= Pflanzengarten Bad Schandau =

Botanical garden in Saxony, Germany

The Pflanzengarten Bad Schandau (6100 m^{2}) is a botanical garden located in the Saxon Switzerland National Park on the Kirnitzschtalstraße (Kirnitzsch valley), Bad Schandau, Saxony, Germany. It is open daily from April to October.

The garden opened in 1902 as the Regionalbotanischer Garten Sachsens (Saxon Regional Botanical Garden), with a goal of preserving local plants, including rare poisonous and medicinal plants. As of 2002, it contained nearly 1000 taxa from cool and moist climates around the world, but focuses on plants of the Saxon Switzerland area, including 323 species from the area, of which about 80 species were protected or on Saxony's Red List.

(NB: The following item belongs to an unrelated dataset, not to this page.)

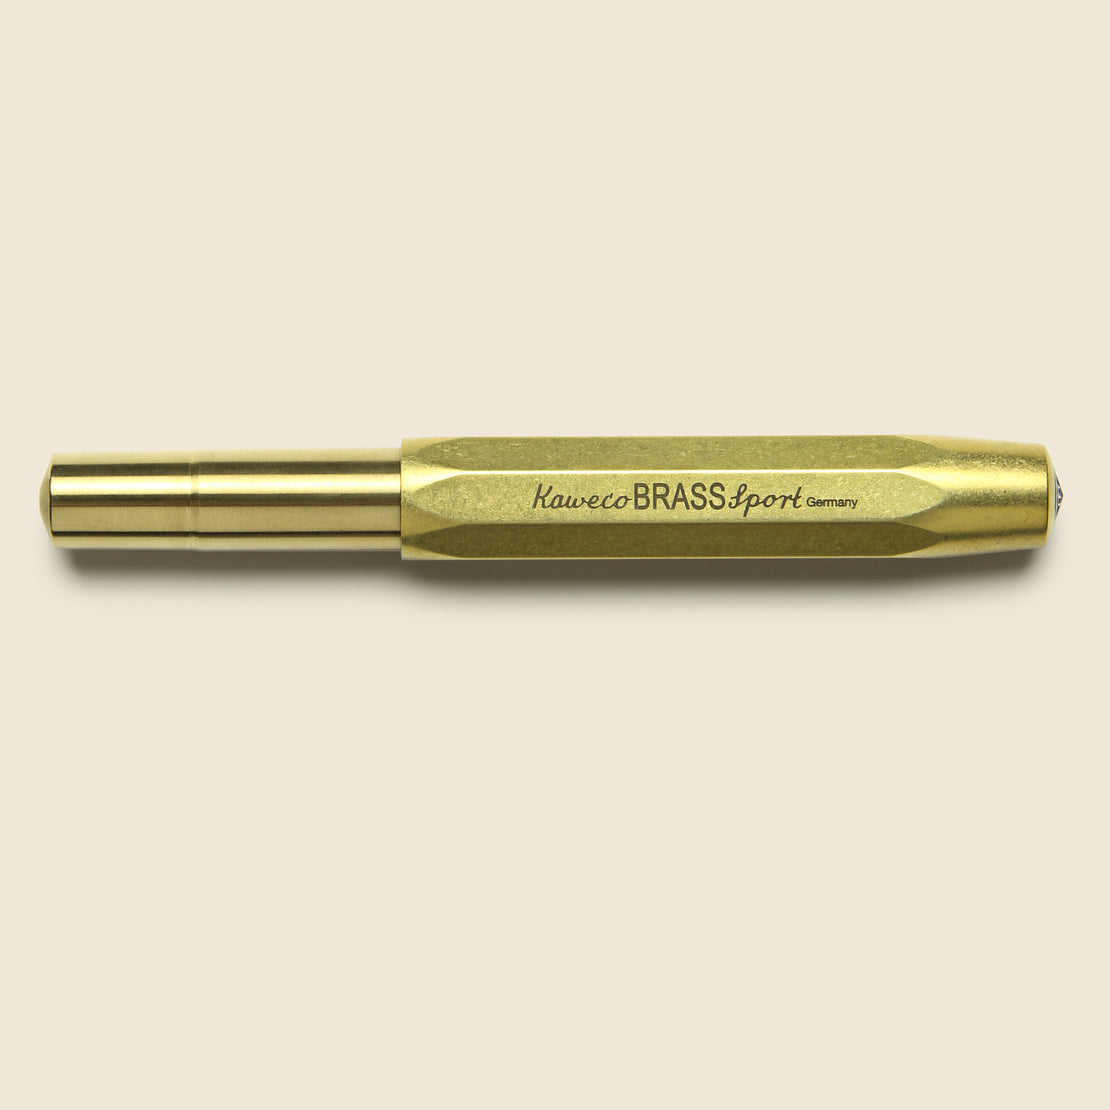 Brass Classic Sport Gel Roller Pen - Kaweco - STAG Provisions - Home - Office - Paper Goods

== Things to do in Bad Schandau ==
There's an abundance of things to see and do throughout the Bad Schandau area, alongside the gardens, including:

- The Spa Park
- Kirnitzchtal Railway
- St. John's Church
- The Sendigbrunnen Fountain
- Schomburg Castle Ruins
- Ostrau Sendigvillen Wooden Villas
- Elbe Sandstone Mountains Museum (open from February to December)
- High-top Viewing Platform (which can be accessed via a historic passenger elevator), providing views of the town.
- Botanical Gardens
- Library
- National Park Centre
- City & Guided Tours

== Gastronomy ==
The areas gastronomy is very much focused on the use of seasonal and regional ingredients, with restaurants, pubs, and traditional taverns. There are plenty of indoor and in-nature options.